Simulation of the IR was performed by computed tomography simulation. Each rat was anaesthetised using 5 mg/kg xylazine (Rompun, Bayer Türk, İstanbul, Turkey) and 30 mg/ kg ketamine hydrochloride (Ketalar, Pfizer, İstanbul, Turkey) delivered intramuscularly prior to IR. Then, three to four rats at a time were restrained and taped by the tail and legs on an acryl plate in a supine position. The rats were covered for a 3 cm×4 cm area of the lower pelvis containing a 2-cm length of the rectum in the middle of the field. IR was delivered with 6 MV linear accelerator with the SAD technique. The irradiated area was verified by portal imaging. A bolus material was placed on the irradiated area. A dose of 17.5 Gy in a single fraction was delivered to each rat. A dose similar to this one has been shown to be optimal for clinically relevant proctitis using the same rat radiation model ().

Treatment with ozonated olive oil

OzOO was generated by an ozone generator, which allowed control of the gas flow rate and ozone concentration in real time using a built-in ultraviolet (UV) spectrometer and was kept in a dark bottle at 4°C until used, within 24 h. OzOO was produced at a concentration of approximately 14 μg of ozone/mL of olive oil. The OzOO, which was prepared in a 1 mL volume at body temperature, was given twice a day beginning on the first day after IR until the euthanasia day. The OzOO was applied with a soft feeding tube and then the anus was temporarily closed with a digital compress for 5 minutes.

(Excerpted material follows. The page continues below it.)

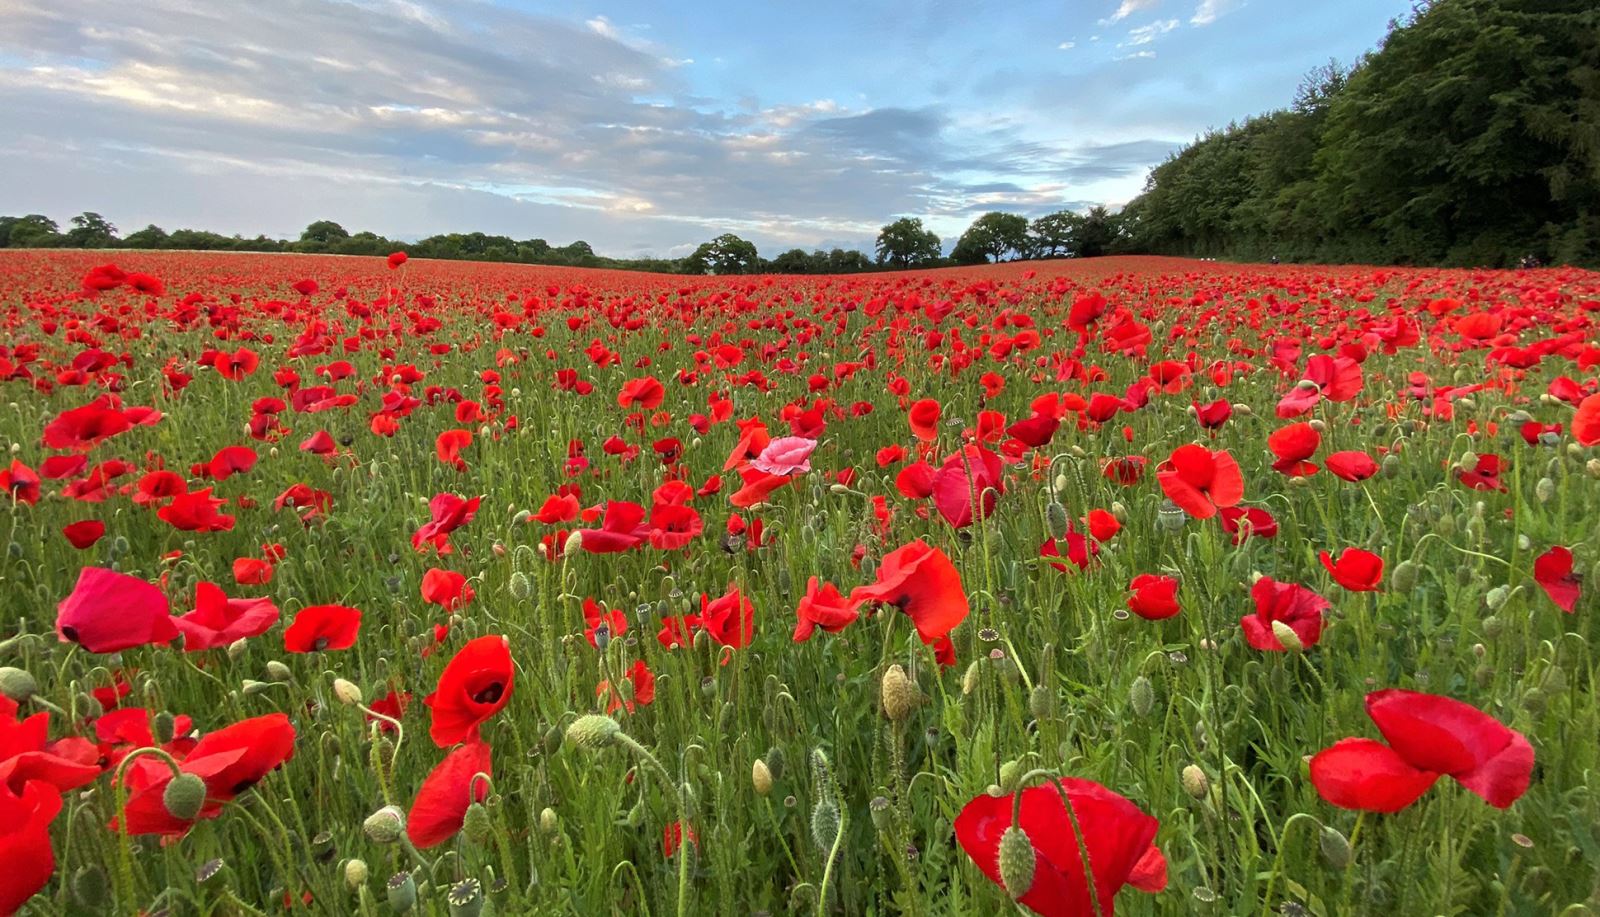 Field of Poppies near Basingstoke

Evaluation of rectal damage

Each rat was observed daily for signs of proctitis, such as diarrhoea and rectal bleeding, after IR. The clinical findings were scored as follows: 0, no symptoms; 2, diarrhoea; and 4, gross bleeding. Seven rats were euthanised on each of the 5th and 10th days after IR for macroscopic and histological evaluation. Euthanasia was performed by cardiac exsanguination under a surgical plane of 100 mg/kg ketamine hydrochloride and 20 mg/kg xylazine anaesthesia. A midline laparotomy incision was made. The small bowel was moved aside to reveal the distal large bowel. The pelvic symphysis was cut and elevated to facilitate access to the distal rectum and anus. The 2 cm of distal rectum adjacent to the anal region was excised. The rectums were macroscopically evaluated and scored as follows (): 0=normal mucosa; 1=edema, mild hyperaemia, or decreased vascularity; 2=diffuse hyperaemia, multiple punctuated areas of haemorrhage, or confluent areas of haemorrhage; 3=presence of erosions or frank haemorrhage; and 4=ulcers. For histological evaluation, a portion of the specimen was excised, fixed in 10% buffered formalin solution, embedded in paraffin, and cut into 5-μm sections. The sections were stained with haematoxylin-eosin (HE) and examined under a light microscope by a blinded pathologist for histopathological changes. Each specimen was graded as follows (): Grade 0, normal or minor alterations that cannot be correlated to radiation with certainty; Grade 1, slight radiation damage (mild inflammation and/or slight crypt change); Grade 2, mild damage (more significant inflammation and/or slight crypt change); Grade 3, moderate damage (must have prominent loss of epithelium and/or variable degree of inflammation); and Grade 4, severe damage (ulcer, necrosis).

Statistical analysis

Statistical analyses were performed with SPSS 18.0 software (SPSS Inc., Chicago, IL, USA). Kruskal-Wallis test was used to determine the differences between groups. Bonferroni-adjusted Mann-Whitney U test was used for post-hoc test after the Kruskal-Wallis test (p values < 0.005 were considered statistically significant).

Results

No mortality was observed in the groups. Differences in the mean body weight among the groups were found to be statistically significant (p<0.001). The mean body weight on the 10th day after IR was found to be significantly lower than that in the control group (223.6±3.5 g); 204±3.1 g and 214.9±4.3 g, control, IR+saline, and IR+OzOO groups, respectively (p=0.001). However, the mean body weight on the 5th day after IR was 215.4±4.9 g and 216±3.2 g in the IR+saline and IR+OzOO groups, respectively, with no significant difference.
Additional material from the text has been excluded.